Setting up this new cluster will also enable us to take Pulsar out of its “Beta” status. We’ll be detailing the plan for its general availability as a final version in the coming weeks.
New foundation for our data
Another background topic, barely visible but with real significance: the production release of our first serverless cluster based on FoundationDB.
It took over from HBase, whom we thanked at a farewell ceremony held in our Brest offices on a rainy October evening.
Until then, our metrics and billing data relied on this storage technology, which required around a hundred machines. During discussions with the SenX team, behind the Warp 10 open source project, we realized that they were facing similar problems. We then worked together, which led to Warp 10 version 3.0, enabling us to successfully build a storage backend that worked hand-in-hand with our new cluster.
FoundationDB will be at the heart of some of our new products. It is already being used for demonstrators of our future Key/Value store offers (Redis compatible) and secrets storage (Vault compatible)… among others.
These solutions are currently being tested internally and with some customers. We will gradually open the doors to those interested in testing these products during 2024, with demonstrations planned at the various shows where we will be present.
Better Clever Tools
A cloud offering is nothing without its interfaces. In addition to the continuous improvement work done by our Console team, who have just upgraded their Web Components to v12, we have re-established a team responsible for the evolution and documentation of our CLI, the Clever Tools.
A new deployment process has just been finalized and will be used for their next release, with many new features planned for early 2024. This new structure will enable us to deliver more regular enhancements, in line with customer feedback, and to better manage external contributions (issues, PR, etc.).
Fine-tuning everywhere
We also completely overhauled our website after the summer, with a new interface for our documentation, which will gradually be completely reworked, including guides and tutorials.Our images team also carried out a thorough overhaul of their design process, to simplify updates.
Our team in charge of images has also reviewed the creation process in depth, in order to simplify updating, but more importantly to have a common base for all our runtimes, enabling us to make them more flexible and offer new ones in the months to come.

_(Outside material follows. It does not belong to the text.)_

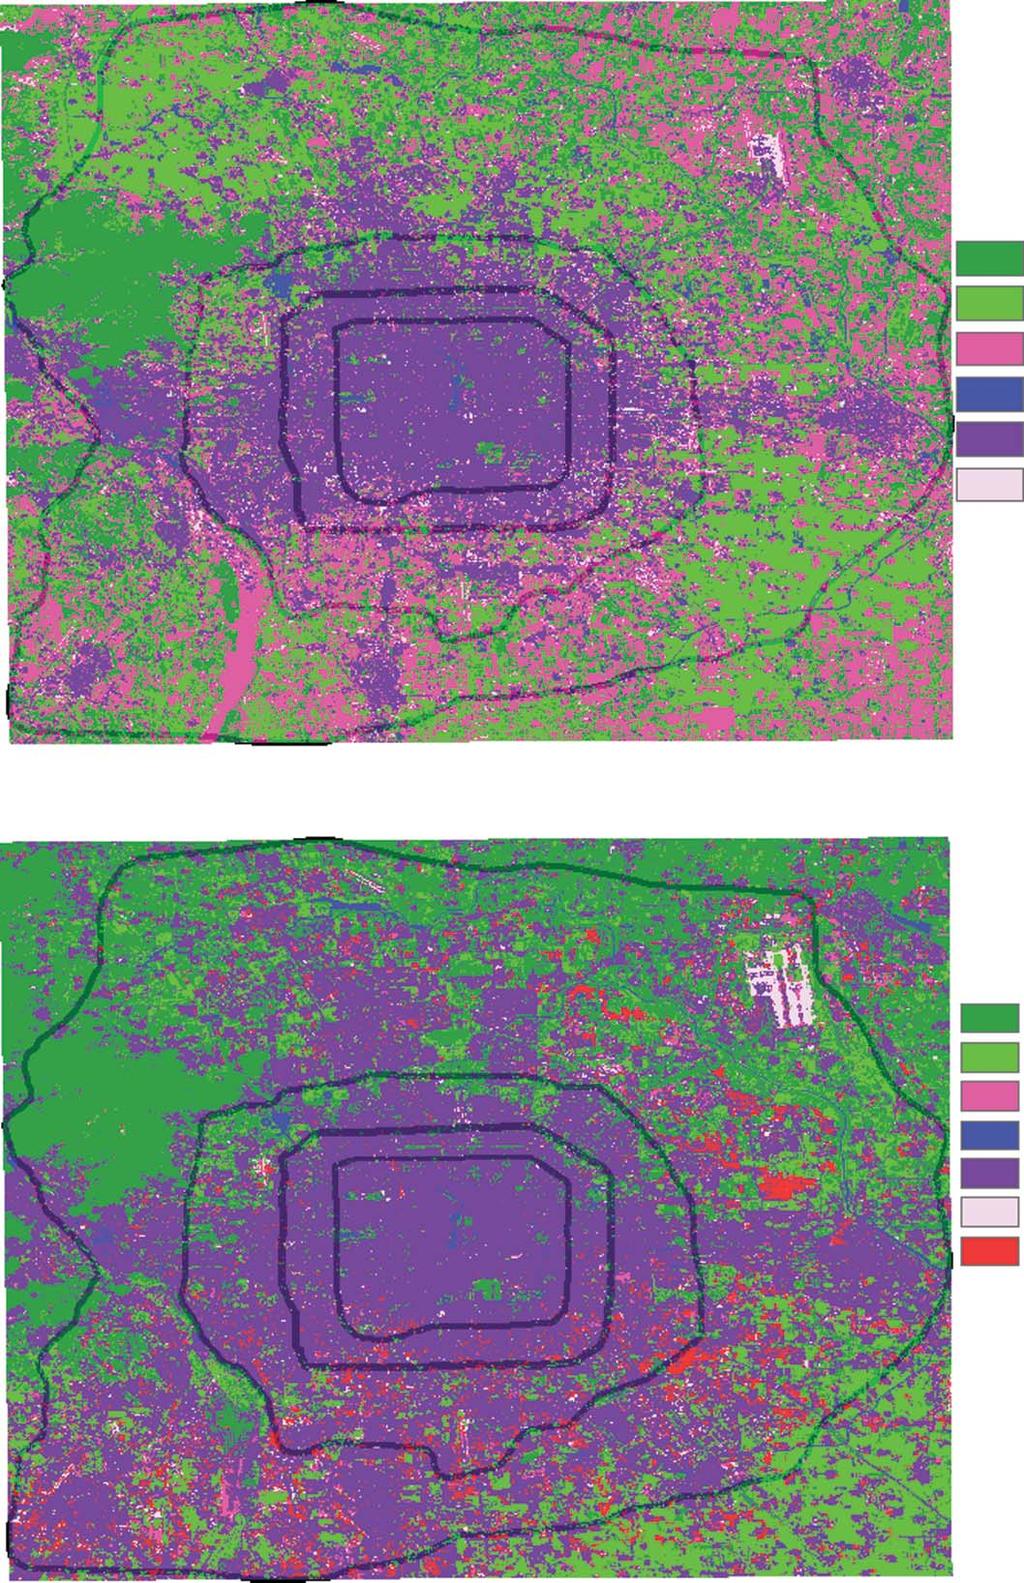 International Journal of Remote Sensing 5511 (a) LULC Trees Vegetation Soil Water Built-up Marble (b) Figure 3. LULC maps of study area. (a) 2 August 1999; (b) 8 August 2010. Table 4.

We have also reviewed the organization of our teams and lifecycle management, so that each runtime is now handled by a designated member of staff, who will act as a link between the way we deploy applications and the communities involved.
An increasing part of our APIs are migrating to /v4, for internal use, but also to meet the needs of our customers integrating Clever Cloud into their products and interfaces. Documentation of the new endpoints is underway. This year, we also began supporting Terraform, with a view to going further in the field of Infrastructure-as-Code and the management of such tools in the coming year.
In recent months, we have also delivered preliminary support for Tailscale, a Clever Edge 4G/5G offering to some customers, started to embed others on our WASM-based FaaS offering, and so on.
What’s Next ?
Our plans remain unchanged, and now that migration and restructuring are behind us, we’ll be able to accelerate : keep iterating to improve our platform, make progress on the delivery of products currently in development, deliver a preliminary version of our Networks Groups, prepare the ground for the arrival of IaaS and Kubernetes “by Clever Cloud”, and continue to take the best possible care of our customers, our first partner.
By the way, we’re recording episode 100 of our podcast Message à caractère informatique (MACI) on January 16 at the Palace in Nantes, in public. You are cordially invited to come and chat with our teams about the future of our platform and how it can better meet your needs. Just as we’ll be present at a number of trade shows in the first weeks of 2024.